Arkee Whitlock

No. 24, 36
- Position: Running back

Personal information
- Born: May 10, 1984 (age 41) Rock Hill, South Carolina, U.S.
- Height: 5 ft 9 in (1.75 m)
- Weight: 203 lb (92 kg)

Career information
- High school: Rock Hill (Rock Hill, South Carolina)
- College: Southern Illinois

Career history
- 2007: Minnesota Vikings*
- 2007: San Francisco 49ers*
- 2007–2008: Minnesota Vikings*
- 2009–2011: Edmonton Eskimos
- * Offseason and/or practice squad member only

Awards and highlights
- 3× All-Gateway Conference (2004–2006); I-AA All-American (2006); Walter Payton Award finalist (2006); Eskimos' Most Outstanding Rookie (2009);

= Arkee Whitlock =

American gridiron football player (born 1984)

Arkee Whitlock (born May 10, 1984) is an American former professional football running back who played for the Edmonton Eskimos of the Canadian Football League. He was signed by the Minnesota Vikings as an undrafted free agent in 2007. He played college football with the Southern Illinois Salukis, where he finished the 2007 season third in voting for the Walter Payton Award.

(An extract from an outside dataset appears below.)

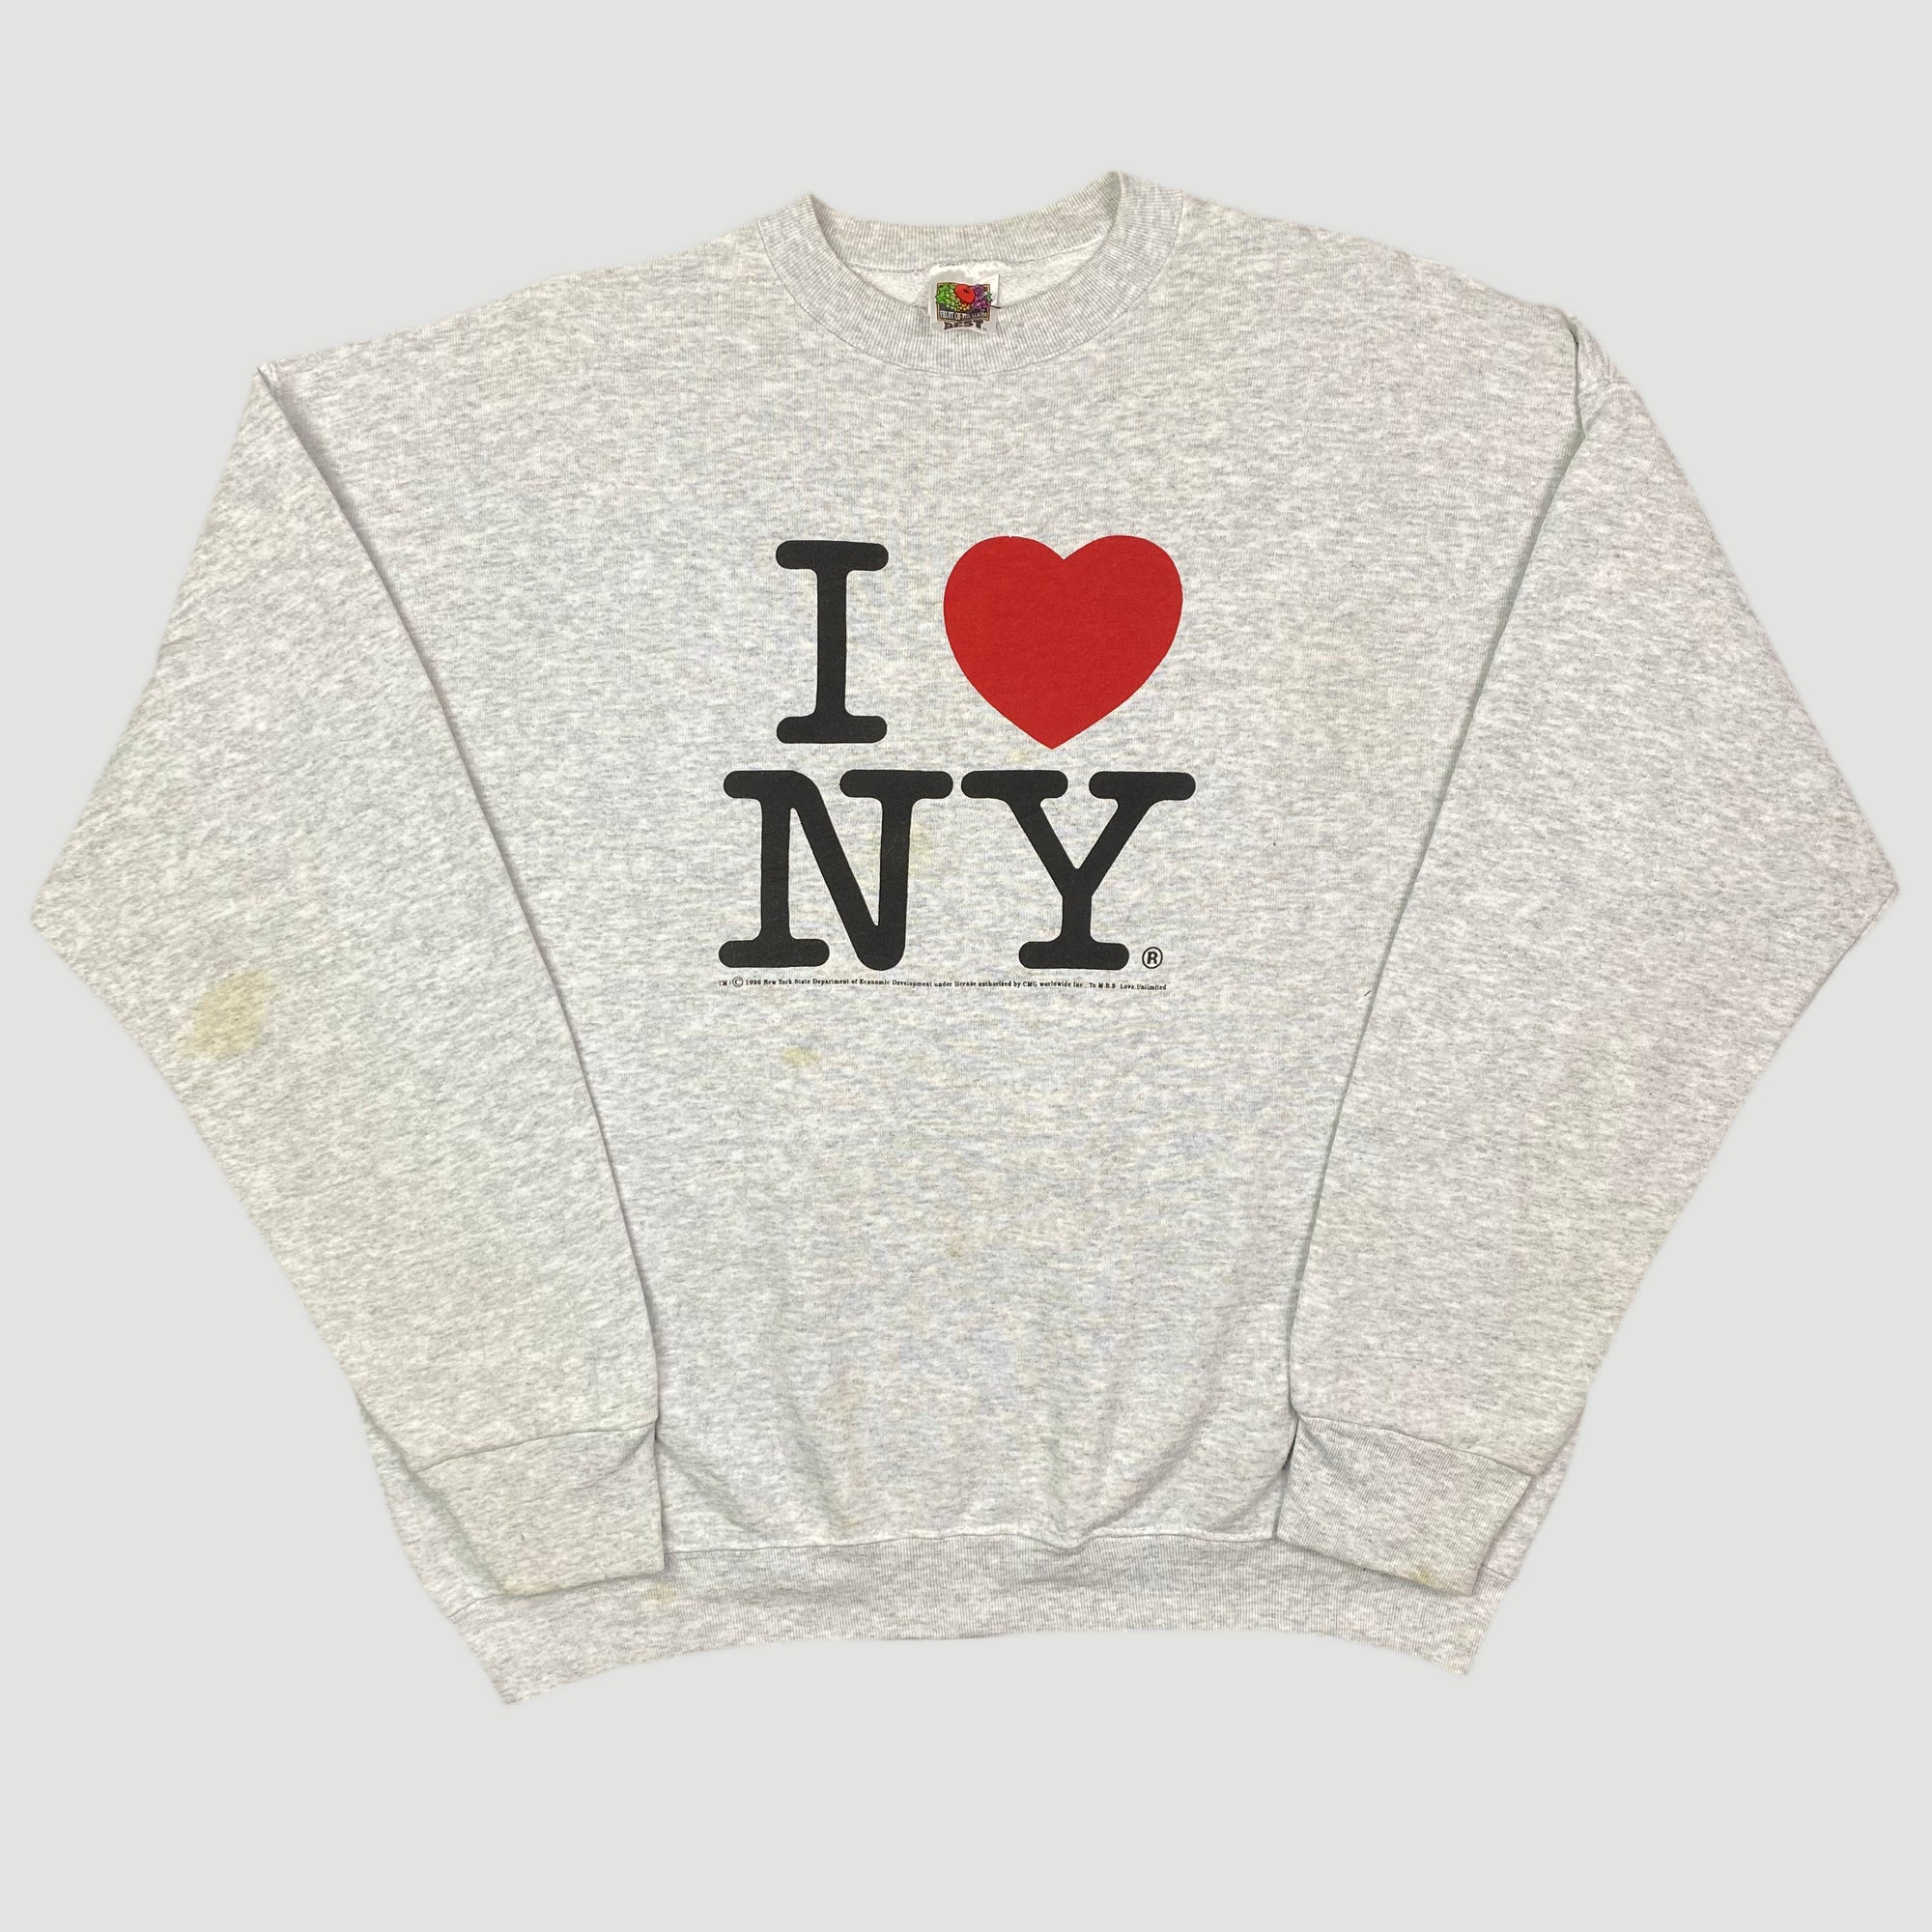 NEW YORK Hooded Sweatshirt - WRDMRK

Whitlock was also a member of the San Francisco 49ers.

==Professional career==
He was signed as an undrafted free agent following the 2007 NFL draft by the Minnesota Vikings, and was subsequently cut during training camp. Whitlock briefly signed with the San Francisco 49ers, and was able to see playing time during the preseason. After he was waived by the 49ers, he again signed with the Vikings, where he was allocated to their practice squad.

Whitlock was signed by the Edmonton Eskimos on April 23, 2009. He was released on July 31, 2011.